Le mot du 22 janvier 2016

peccavi

          M. Nicolas Sarkozy vient de faire paraître un ouvrage. Les commentaires des médias tournent principalement – voire exclusivement – autour de certains regrets qu’il y exprime … et cela mériterait aussi des commentaires.

Naturellement, les avis sont partagés sur la sincérité de cet acte de contrition. Vrai repentir ou calcul politique destiné à relancer une tentative de retour à l’Élysée ?… Regrets claironnés sur quelques points, pour faire oublier d’éventuelles erreurs ou fautes plus graves ? Là encore, selon l’opinion de chacun, ou les arrière-pensées de certains, les jugements sont d’ores et déjà divers. Peut-être même sans avoir lu ce livre signé par l’ancien chef de l’État.

Le terme le plus utilisé par les médias est mea culpa (ou mea-culpa, avec un trait d’union). En latin, mea culpa signifie littéralement « par ma faute », et figure dans la prière catholique du Confiteor, prière par laquelle les fidèles confessent leurs fautes.
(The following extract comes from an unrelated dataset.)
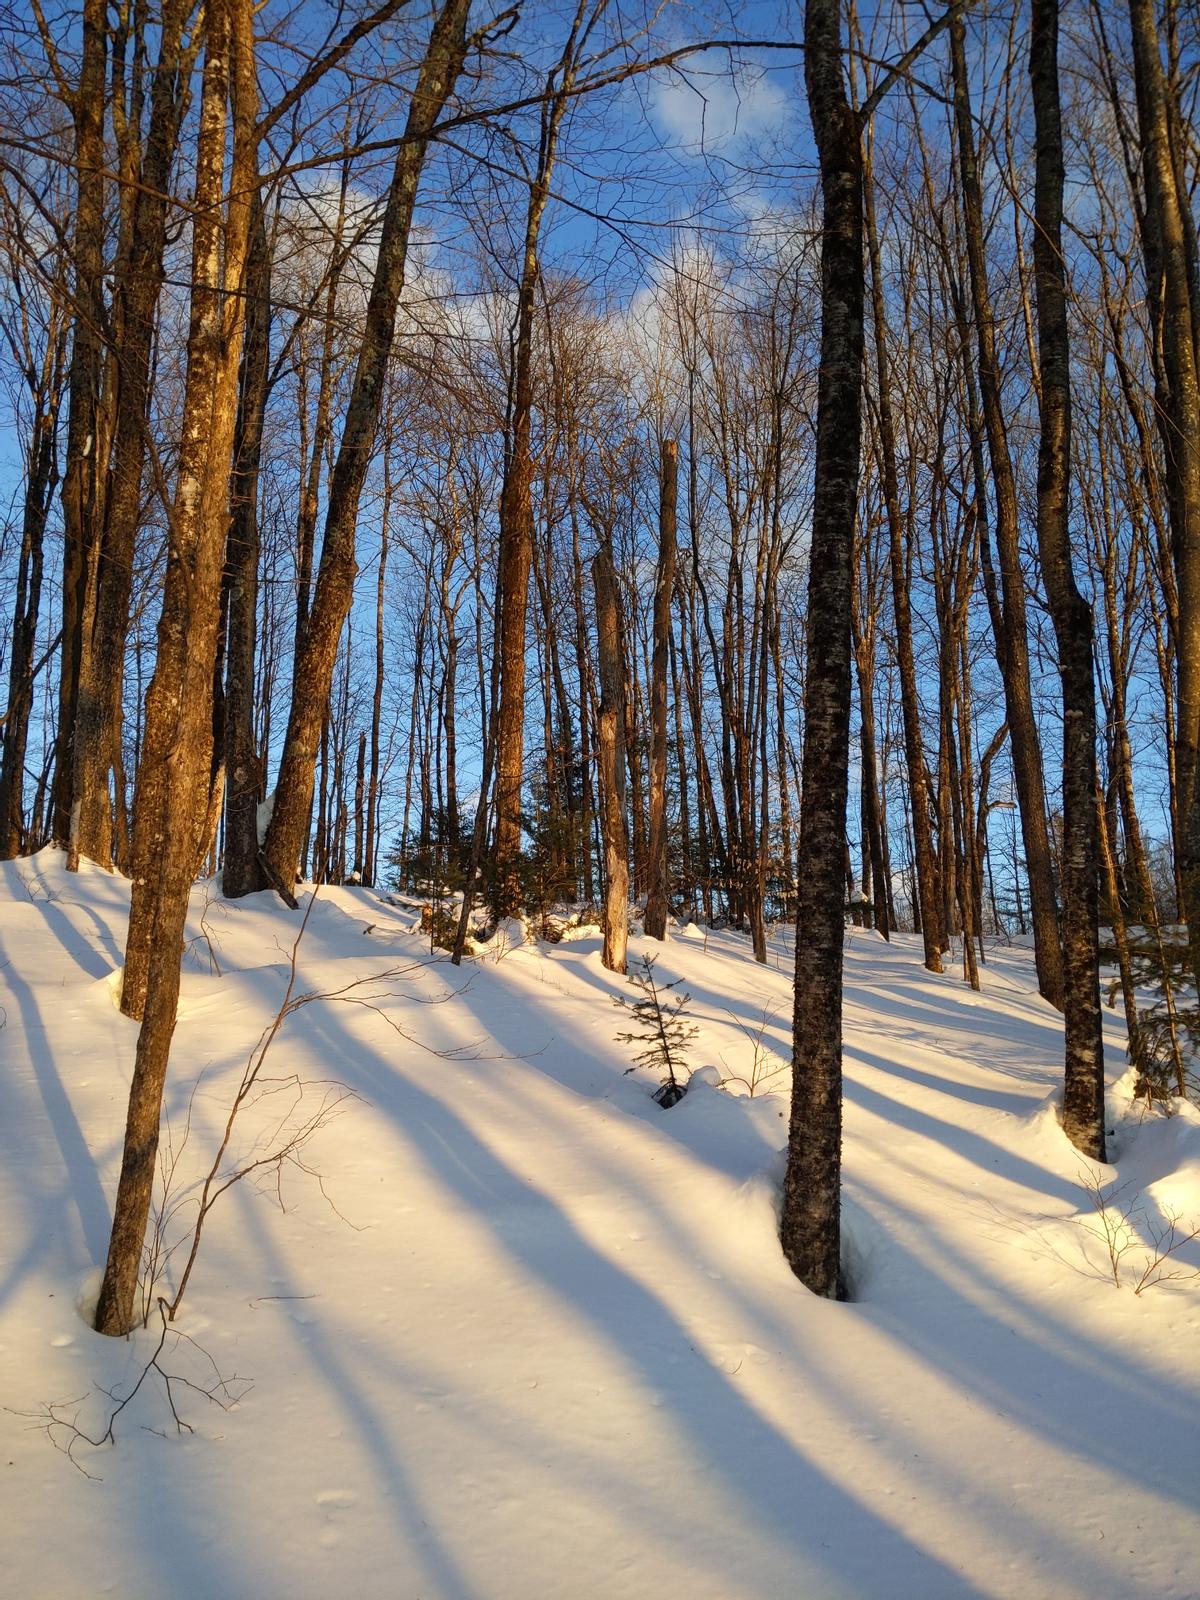 Sunlight on the snowy ground is one of the joys of the winter woods.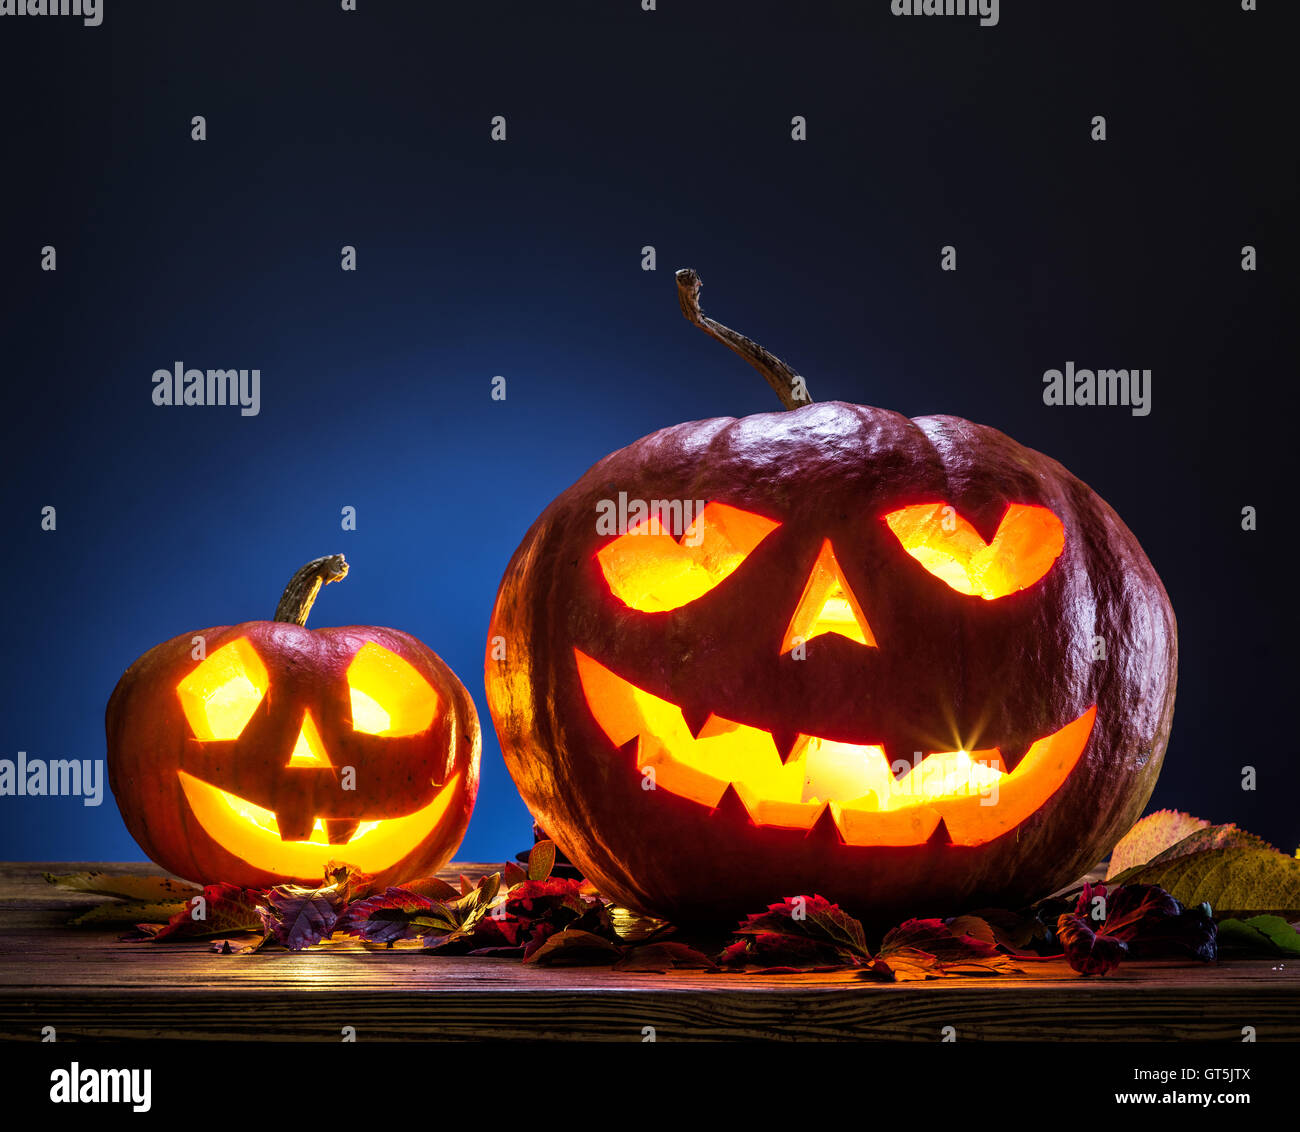 Grinning pumpkin lantern or jack-o'-lantern is one of the symbols of Halloween. Halloween attribute. Wooden background. Stock Photo

On dit donc couramment « faire son mea(-)culpa », ce qui s’exprime aussi par « battre sa coulpe », expression qui tend à disparaître du langage, au point de n’être plus reconnue par d’aucuns, qui la remplacent erronément par « battre sa coupe » ! En prononçant le Confiteor, on se frappe la poitrine pour battre sa coulpe, c’est-à-dire son péché, sa faute…

Le vocabulaire employé par les commentateurs place en premier mea(-)culpa, puis se répartit entre regrets, remords, repentir, repentance, contrition… à propos d’erreurs, de fautes, de bourdes, de faux pas, de bêtises… Pour reprendre un « truc » cher au général de Gaulle – utiliser un mot peu employé, pour obtenir l’attention des médias béats et frapper, voire captiver, l’opinion publique en amusant le bon peuple, pour « faire le buzz » –, je suggère aux journalistes et aux politologues d’employer… peccavi. Signifiant « j’ai péché » en latin, ce substantif noté dès la fin du XIIIe siècle dans un texte français (« dire peccavi ») est un synonyme de contrition, aveu des péchés, mea(-)culpa : « un bon peccavi, et tout sera oublié ! ».